WHAT THIS TASK INVOLVES>
Restate word for word the lines of the material below, from the line with "Weißes Rohseiden-Cocktailkleid mit" to the line with "Kein Etikett für", both lines included, and no others.

[Opening EXTRACTED ENTRIES section]

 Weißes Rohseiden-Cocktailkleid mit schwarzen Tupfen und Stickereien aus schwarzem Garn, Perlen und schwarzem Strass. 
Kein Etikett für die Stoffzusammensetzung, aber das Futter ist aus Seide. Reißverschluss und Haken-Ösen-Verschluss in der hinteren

[Closing EXTRACTED ENTRIES section]
[Opening EXTRACTED ENTRIES section]

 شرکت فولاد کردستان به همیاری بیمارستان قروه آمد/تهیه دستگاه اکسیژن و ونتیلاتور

[Closing EXTRACTED ENTRIES section]
[Opening EXTRACTED ENTRIES section]

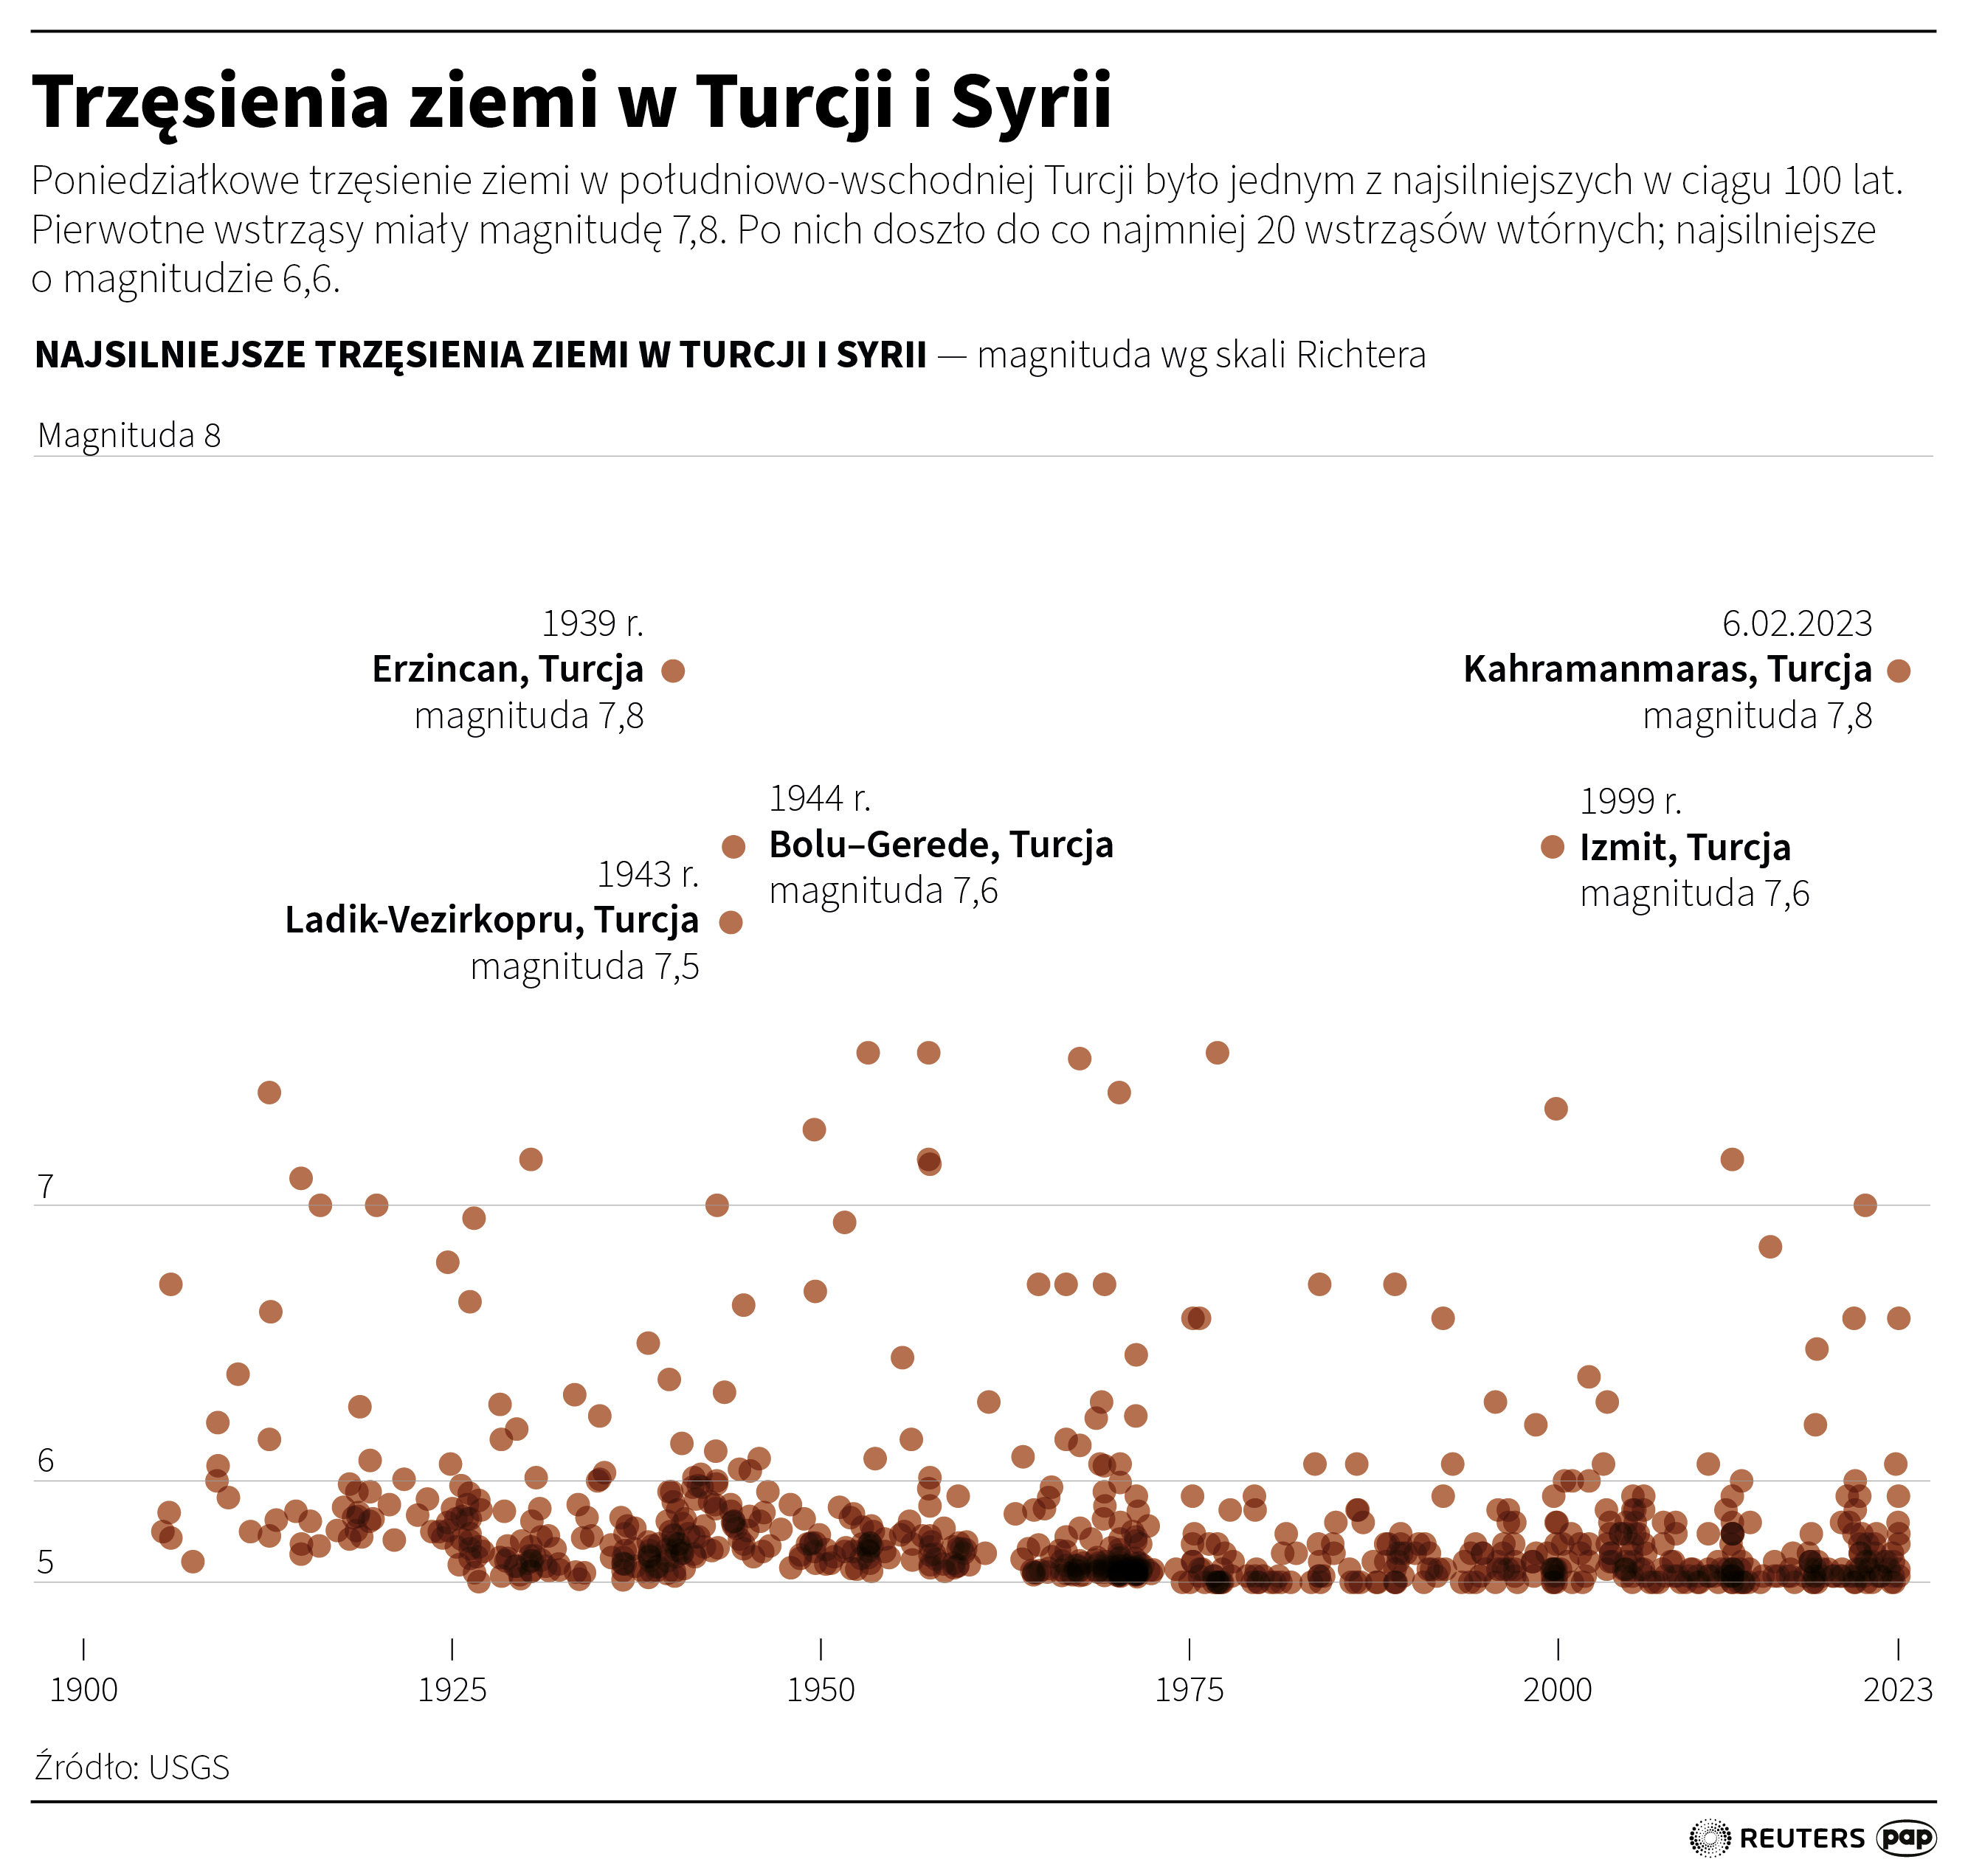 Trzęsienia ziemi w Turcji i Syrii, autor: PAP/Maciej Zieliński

[Closing EXTRACTED ENTRIES section]

ANSWER AREA>
 Weißes Rohseiden-Cocktailkleid mit schwarzen Tupfen und Stickereien aus schwarzem Garn, Perlen und schwarzem Strass. 
Kein Etikett für die Stoffzusammensetzung, aber das Futter ist aus Seide. Reißverschluss und Haken-Ösen-Verschluss in der hinteren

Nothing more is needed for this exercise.